Citation289 F.2d 602
PartiesJoseph HORNBERGER, Jr., and wife Rose Hornberger, Estate of Robert E. Hornberger, Deceased, Dorothy A. Hornberger, Independent Executrix, and Dorothy A. Hornberger, Petitioners, v. COMMISSIONER OF INTERNAL REVENUE, Respondent.
CourtU.S. Court of Appeals — Fifth Circuit

Clarence E. Kendall, William O. Taylor, Cecil N. Cook, Austin C. Wilson, Houston, Tex., Royal J. Voegeli, Washington, D. C., Fulbright, Crooker, Freeman, Bates & Jaworski, Houston, Tex., Butler, Binion, Rice & Cook, Houston, Tex., of counsel, for petitioners.

Harold M. Seidel, Meyer Rothwacks, Lee A. Jackson, Dept. of Justice, Washington, D. C., Abbott M. Sellers, Act. Asst. Atty. Gen., Louis F. Oberdorfer, Asst. Atty. Gen., Dept. of Justice, Hart H. Spiegel, Chief Counsel, I.R.S., John M. Morawski, Sp. Atty., I.R.S., Washington, D. C., for respondent.

Before TUTTLE, Chief Judge, and HUTCHESON and BROWN, Circuit Judges.

TUTTLE, Chief Judge.

This is a petition to review a decision of the Tax Court of the United States denying the petitioners the benefits of the installment sales provisions of Section 44 of the Internal Revenue Code of 1939.1 The facts were all stipulated and found by the Tax Court. As so found they are:

Joseph and Robert Hornberger, hereafter called petitioners, are brothers.

By gifts from their father and uncle each of them acquired an undivided one-half interest in land hereinafter called the "Flanders Property." At all times material to this proceeding each of the petitioners owned his respective one-half interest in the Flanders property for more than six months and each of the petitioners' basis in his interest in said property was $40 per acre, or a total of $21,992 for his undivided one-half interest.

On November 18, 1953, petitioners sold their interest in the Flanders property to Hornberger Brothers Properties, Inc., a corporation organized under the laws of the State of Texas of which each of the petitioners owned 37½% of the capital stock, or a total of 75% thereof. The total purchase price to the corporation of the Flanders property was $1,099,600, being $1,000 an acre for 1,099.6 acres. Of the purchase price $7,500 was paid in cash and each of the petitioners received $3,750 as his one-half thereof. The remaining portion of the purchase price was evidenced by the two identical 3% interest bearing promissory notes, each in the principal amount of $546,050. One of such notes was payable to Joseph Hornberger, Jr., and the other was payable to Robert E. Hornberger. Each note was payable in installments on or before 13 years from date. The fair market value of each note was approximately its face value. No payments were made on either note during the year 1953 and both of said notes are now only partially repaid.

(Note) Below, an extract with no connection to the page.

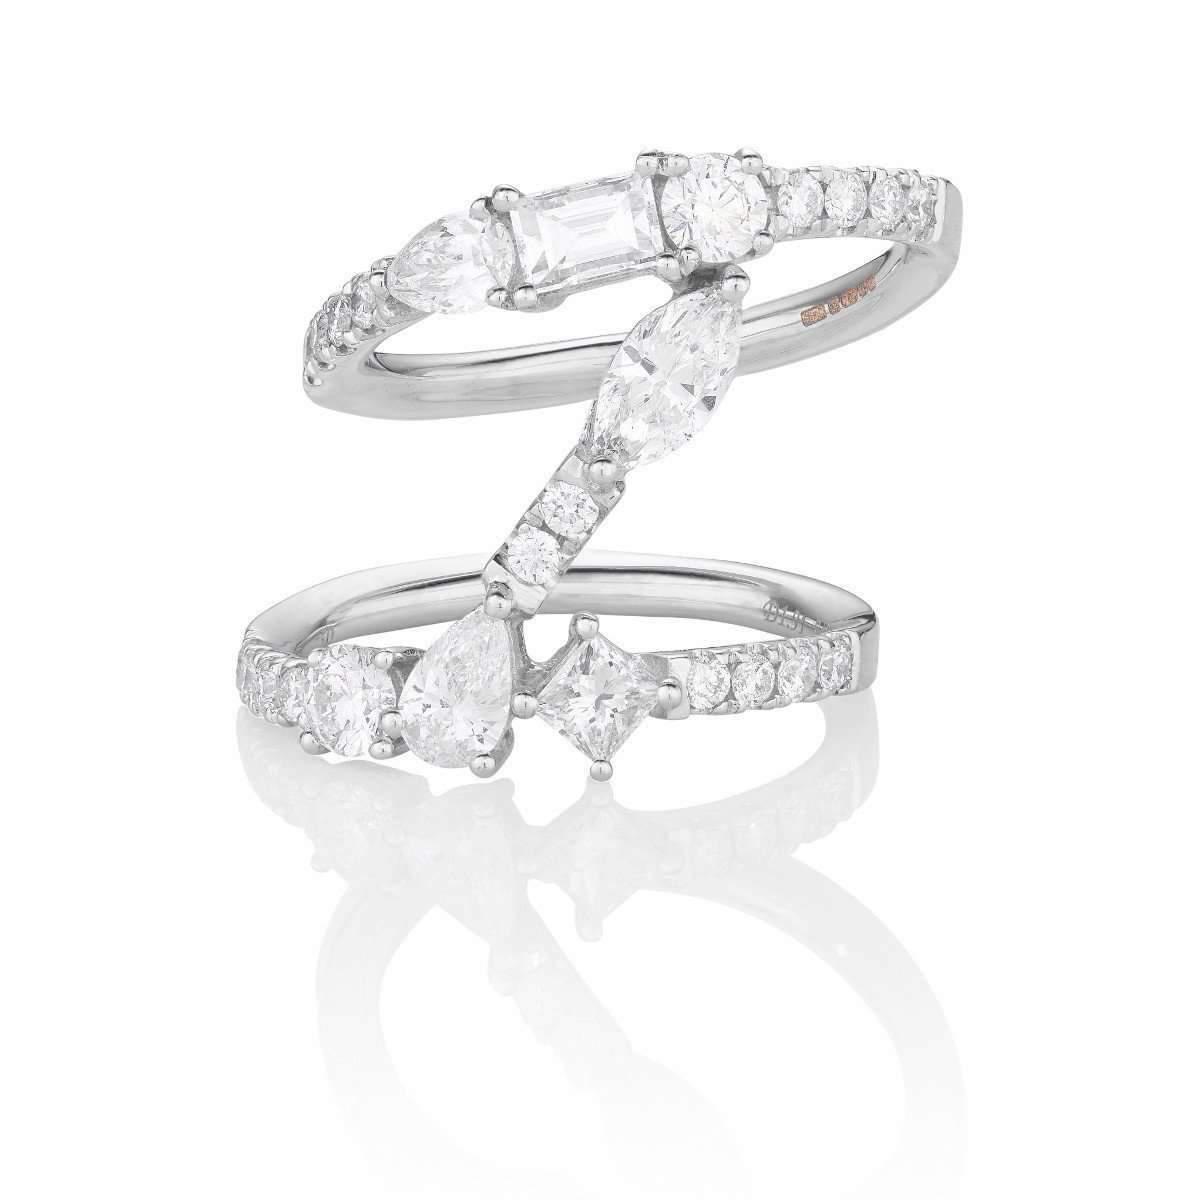 Sarah Ho Numerati Fancy Diamond Lucky Number 3 - UK M - US 6 - EU 52 3/4 WVJdYs

Prior to the sale of the Flanders property to the corporation, petitioners consulted with counsel as to whether income tax could be deferred, with respect to that part of the sales price represented by the corporation's notes, until such time as payments were made on such notes. Counsel advised petitioners that the gain from the sale could be reported on the installment basis as provided in Section 44(b) of the Internal Revenue Code of 1939. Based upon such advice, petitioners made the sale of Flanders property to the corporation. Petitioner Joseph Hornberger and wife employed a firm of certified public accountants to prepare their tax return for the year 1953 and such firm was directed to treat the gain on sale of Joseph Hornberger, Jr.'s interest in the Flanders property on the installment basis. Due to an error by the accounting firm, their return did not comply with rules set forth in the Respondent's Regulations for electing the installment method of reporting gain from the sale of realty. Petitioner Robert E. Hornberger discussed with his brother, Joseph, the manner in which the sale had been treated by the accountants in the preparation of latter's return and, based on such treatment by the accountants, petitioner Robert E. Hornberger and wife also filed their return in the same manner.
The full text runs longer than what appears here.